Bir Türkiye var ki, belirli bir yaşam tarzında, belirli bir snoblukta olmayan insanlara yüksek mevkileri uygun görmüyor. Buna benzer bir dönem daha oldu. Süleyman Demirel’in yüzde 54 oyla başbakan olduğu dönemdi. O zaman da ne kıyametler koptu! Vay efendim köylüymüş de, annesi de şöyleymiş de... Neler neler söylendi! ‘Cahil halk oyları’ edebiyatı yapıldı. Oysa ki ‘Çoban Sülü’ denilen bir politikacının başbakan olması Türkiye’de milyonlarca köylü aileyi mutlu etmiştir. ’Belki benim oğlum da başbakan olabilir’ dedirtmiştir onlara. O zaman da ‘köylü olmak’ dışlanma nedeniydi. Oysa Türkiye sosyolojik ve demografik olarak köylü bir ülkeydi.

* Ya şimdi?

Şimdi yeni kentliler, varoşlar çoğunlukta. Türkiye’nin başını çeken metropollerin etrafında yaşayan milyonlarca insan var. Trendi koyan onlar. Trendi Nişantaşı koymuyor. Nişantaşı’nın zaten trend koyacak mecali yok. Nişantaşı’ndaki kadın mecmualara bakıyor, ’Aa bu giyilirmiş’ diyor, giyiyor ve yürüyor. Benim de aslında dahil olduğum kesim bu.

Sarkozy bile ‘Laikliği bir gözden geçirelim’ dedi

* Fazıl Say’ın çıkışını nasıl yorumluyorsunuz hocam?

Fazıl Say çok cesur, çok gözükara bir entelektüel. Böyle bir ortamda bunu söyleyebilmek büyük cesaret ister. O bu konuda kafadan giriş yaparak ünlülüğünü de kullanıyor. Bunları Sarı Çizmeli Mehmet Ağa söylese kimsenin umurunda olmaz. Nitekim bir sürü insan, hatta bir sürü siyasetçi de söylüyor. Ama Sarı Çizmeli Mehmet Ağa muamelesi görüyor. Dünya çapında bir sanatçının bunları söylemesi önemli.
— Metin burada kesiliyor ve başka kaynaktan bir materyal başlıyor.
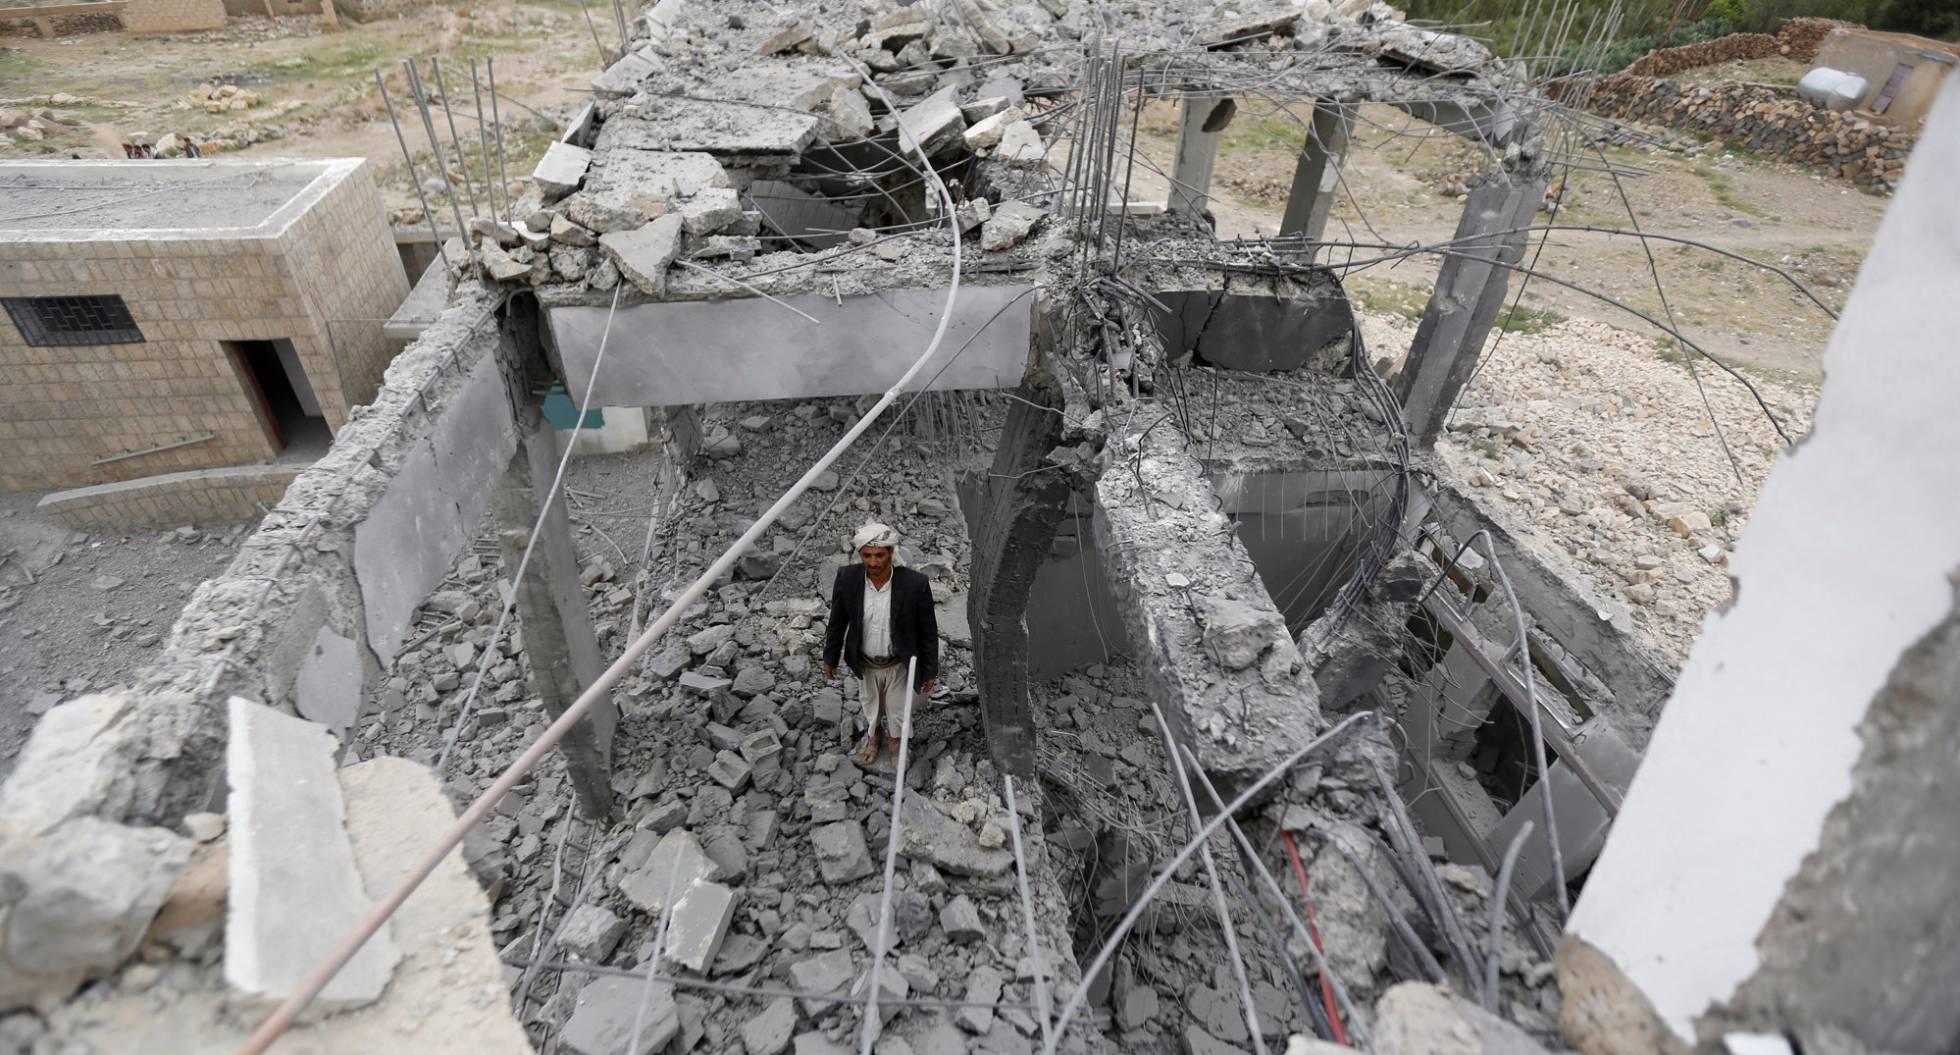 Conflicto en Yemen - Página 7 1473755701_727151_1473769244_noticia_normal_recorte1

* Ama Say’ın söyledikleri sizin söylediklerinizin tam tersi... ’Bizim Türkiye rüyalarımız biraz öldü. Tüm bakan eşleri türban takıyor. İslamcılar kazandı. Biz yüzde 30, onlar yüzde 70. Başka bir ülkeye gitmeyi düşünüyorum’ diyor...

Fazıl Say’la benim söylediğim arasında bir paralellik var. O da nedir? Türkiye’de yeni bir durum sözkonusu. Ey Türkler, bundan sonra şimdiye kadar yaptıklarımız model olmaktan çıktı, çıkmak üzere. Bu yeni bir şey. Bu yeni şeyin iyi mi, kötü mü olduğu, durduğunuz yere, konumunuza bağlı. İyi bir şey olduğunu düşünmek mümkün, ama çok kötü bir şey olduğunu düşünmek de mümkün. Fazıl Say, kötü bir şey olduğunu düşünüyor.

* Peki siz gerçekten iyi bir şey olduğunu mu düşünüyorsunuz?

İlk tespitte aynı fikirdeyim. Türkiye’de çok radikal, toplumun temellerinden gelen bir değişim yaşanıyor. Uzun zamandan beri başladı bu değişim. Daha da uzun yıllar sürecektir. Ta ki bir gün, ki ne olacağını bilemem, falcı değilim, bir şey olacak, adı konacak ve ondan sonra da tarihçiler diyecek ki, ‘Türkiye makas değiştirdi.’

* Mesela ‘Türkiye İslam cumhuriyeti oldu mu?’ diyecekler?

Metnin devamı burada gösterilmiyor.